Он не ответил. Он просто отвернулся и молча смотрел вдаль, сам немного крепче сжав Катину руку в своей. Ветер доносил звуки шумных улиц и резкие позывные воробьёв с соседних крыш.

— Давай ты забудешь, что было раньше? Забудь всё и отпусти. Прошлое уже не изменишь, — вдруг произнёс Чижов тихим и оттого более низким чем обычно голосом после пятиминутного молчания, всё также глядя куда-то далеко за горизонт.

Катя удивлённо на него посмотрела, и он, как бы заранее ожидая от неё такую реакцию, продолжил:

— Я, дурак, всё понять не мог, что тебя заставило сюда вернуться… Но теперь ясно. Ты просто скучаешь по прошлому. Скучаешь по приятным чувствам, которые испытывала раньше, по юности, по школьным друзьям, по той первой любви…, - он откашлялся, приводя в порядок немного охрипший голос, и после недолгой паузы продолжил: — Но скучать не значит любить, понимаешь? И верить в ту первую любовь — тоже наивно. Не знаю, что ты там чувствовала тогда, девчонкой, но теперь-то всё по-другому, ты другая, он другой — да и это не любовь больше. Любить — это…, - Катя заметила, как его щека медленно стала наливаться румянцем. Видимо, говорить о чувствах ему было неловко. Но он говорил и, казалось, ему ещё много было, что ей сказать.

Чижов высвободил свою руку из Катиной и сцепил ладони пальцами перед собой, облокатив обе руки на колени, и прикрывая ими лицо.

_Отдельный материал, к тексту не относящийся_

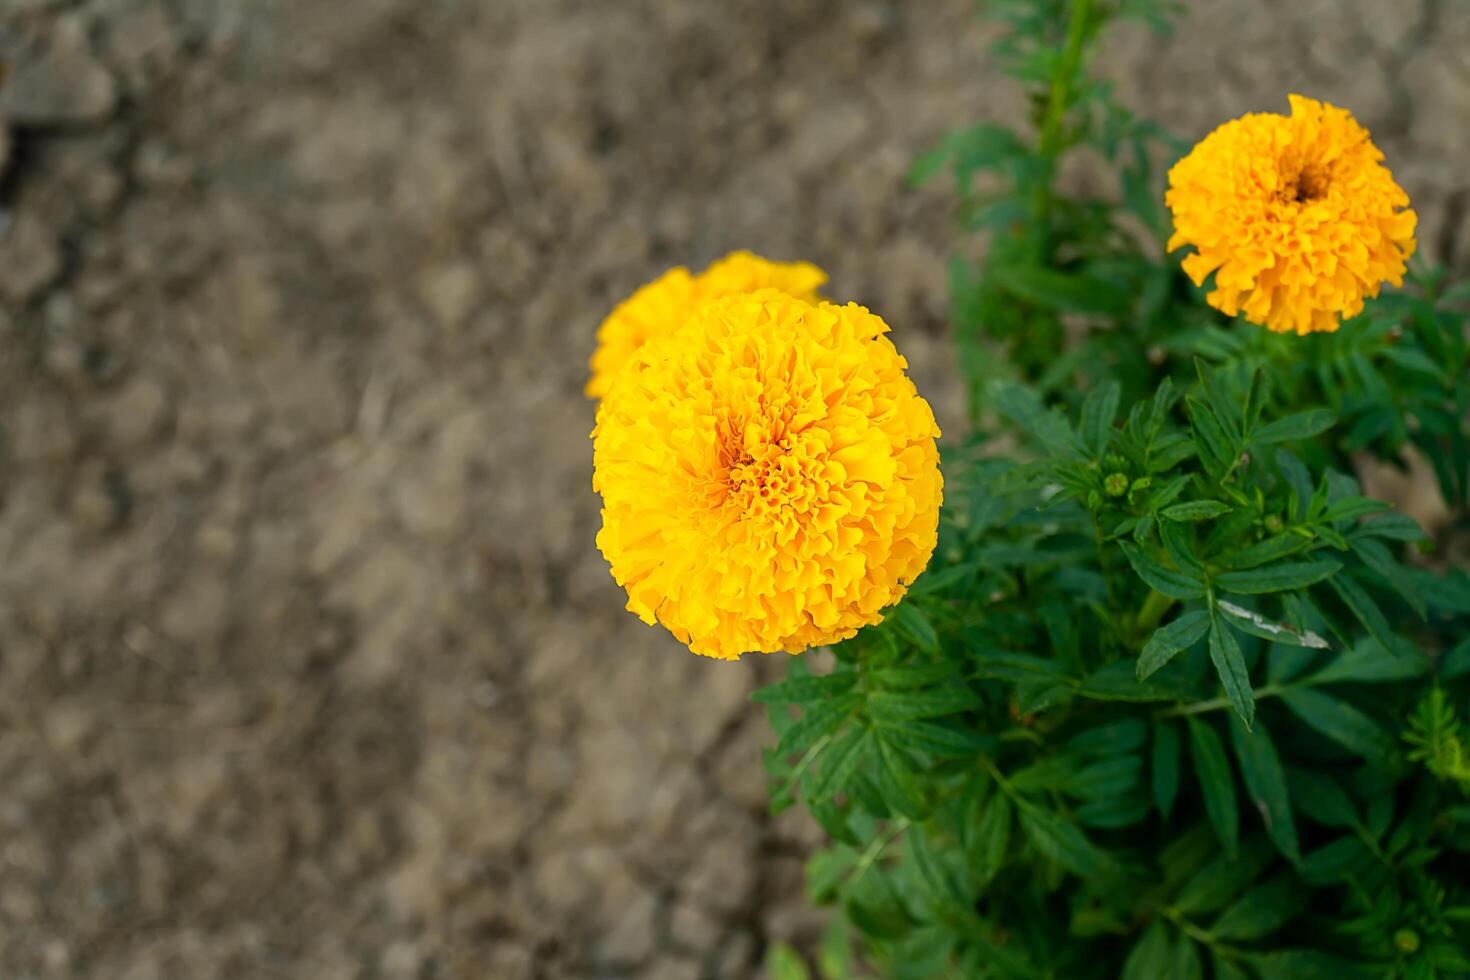 Close up marigolds flower photo

— Любить — это намного больше! Это быть рядом. Что-то делать для другого. Вместе дышать, смотреть в одну сторону, идти к одной цели… Это, в любом случае, не страдать, не плакать и не изводить себя, как ты это делаешь! Ты ведь так с ума сойдёшь однажды. И ради чего?..

Он замолчал, мельком взглянув на Катю, и снова отвел взгляд.

Катя задумалась.

"А он неплохой психолог. Второй раз за сегодня поворачивает вещи так, как я на них ещё не смотрела." Она вдруг стала понимать ту грусть, которая нахлынивала на неё при одной только мысли о Роме. Это была тоска не только по нему, а скорее, точно как сказал Чижов, по ушедшему прошлому. А что если она скучает только по прошлому? Если она внутренне действительно осталась той самой восьмиклассницей, наивно верящей в первую любовь? И что, если убрать Рому из контекста школы, Питера, её юности? Если бы она встретила его в другом городе, при других обстоятельствах — стала ли бы она тогда помнить его столько лет и скучать по нему? А вдруг и вовсе не обратила бы на него никакого внимания?.. Может все эти мысли о любви просто выдуманные ей самой?.. Как, по сути, и он сам?.. Ведь, как она сама себе недавно призналась, во многом она придумала его себе сама… Катя обняла колени и наклонив голову задумчиво посмотрела на Чижова.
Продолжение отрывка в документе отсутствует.